Curious Code for Curious Coders

Them What Deals With th'Devil...

With my recent spate of GServer problems, I thought I’d post something that, surprisingly, turned out not to be much of a problem at all: turning a Ruby GServer into a Windows service.

First, it helps tremendously if you already have Cygwin installed. If you don’t, you should, as you get lots of UNIX-y command-line goodness (for example, a “Find In Files” functionality (grep) that actually finds stuff in files. Uncanny!)

I’d used Cygwin’s “cygrunsrv” to run Cygwin’s SSH server on Windows, because I love SSH and it seemed like a good idea at the time. I didn’t realize you could use it to create service out of arbitrary programs. With the following command (broken up for readability):

cygrunsrv /
    --install "Bill Gates is Reading My Source Code Service" /
    --path c:/ruby/bin/rubyw.exe /
    --args c:/Projects/source_viewer/source_viewer_server.rb

…you can be running your server under your very own Windows service! (Pardon me while I run gargle with some bleach.)

Basically, you just need a name, the path to your Ruby executable, and the path to your application, and you’re good to go.

Notice here that I’ve used “rubyw.exe” which is a “windowless” version of Ruby. It does not try to open Window’s crippled console, but runs strictly in the background, which is nice if you want to launch a server from a windows shortcut without distracting little black screens popping up. I have no idea if this helps any, but I figured it couldn’t hurt (famous last words).

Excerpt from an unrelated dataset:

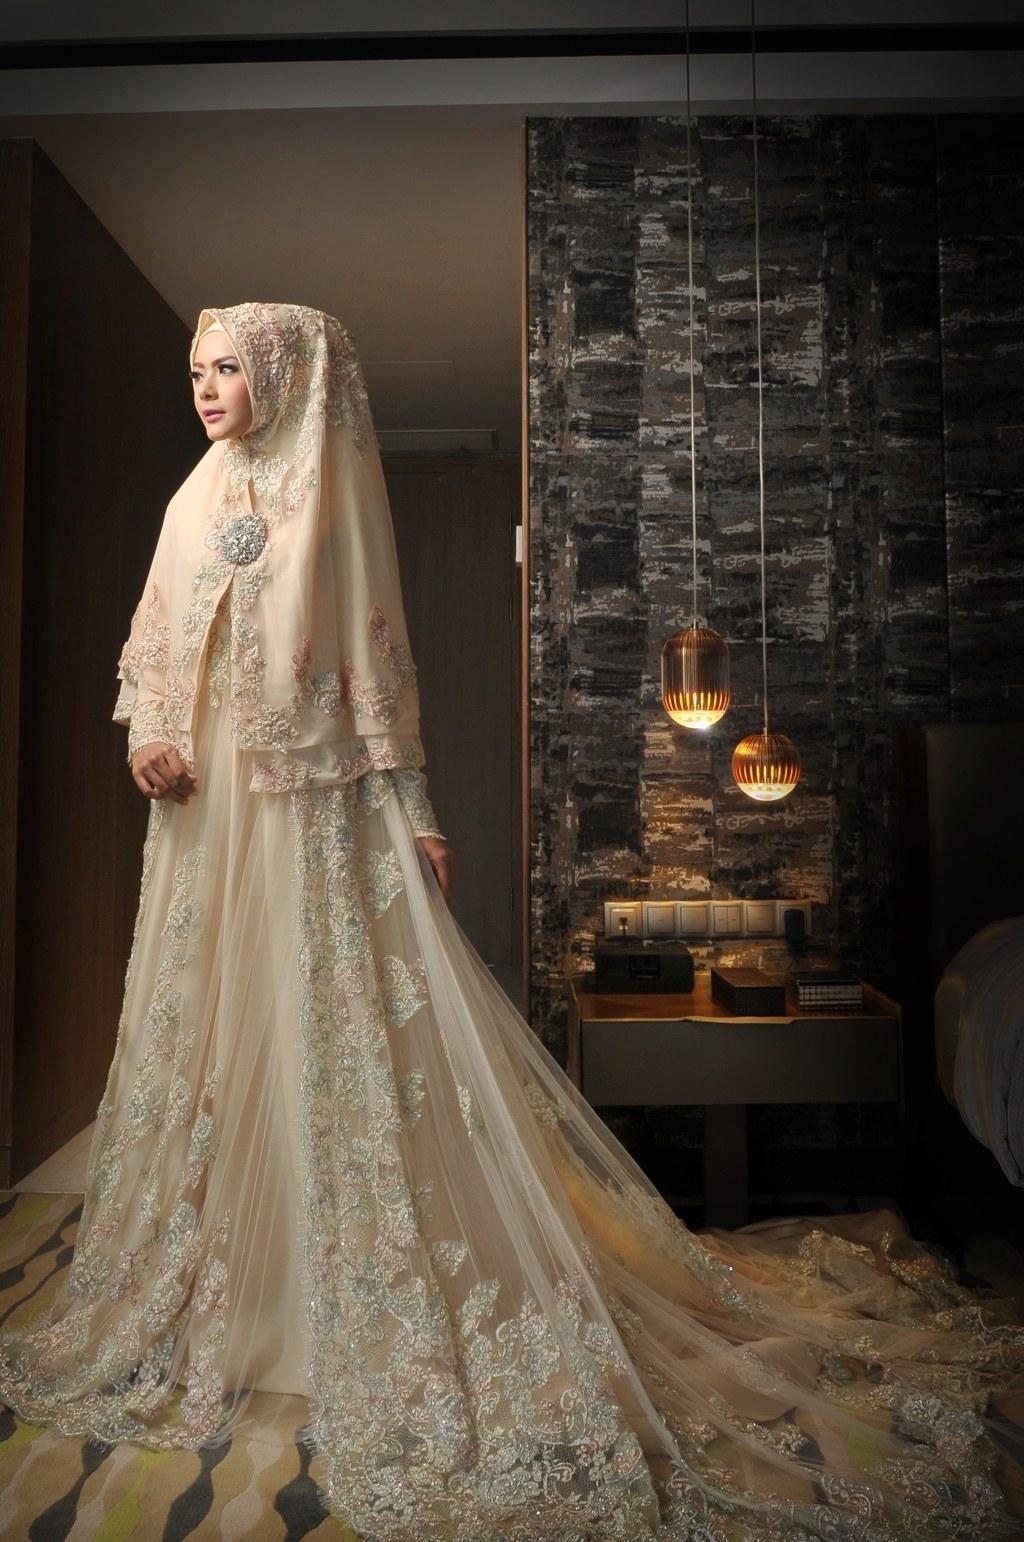 Inspirasi Sewa Baju Pengantin Muslimah Jakarta Ftd8 80 Sewa Gaun Pengantin Dan Make Up Jakarta

One other important thing to be aware of is that Windows does not respond to standard system signals, so you will need to add the following method to your server class (as seen here):

def trap(signal)
  Kernel::trap(signal){yield}{loop{sleep 1}} # Stupid Windows...

This lets you stop the service from services.msc– if you don’t have this, chances are good that the whole thing will hang when you try to stop or restart your service.

There are a number of other (probably better) methods to turn programs into Windows services, but this one was quick, easy and served my needs well.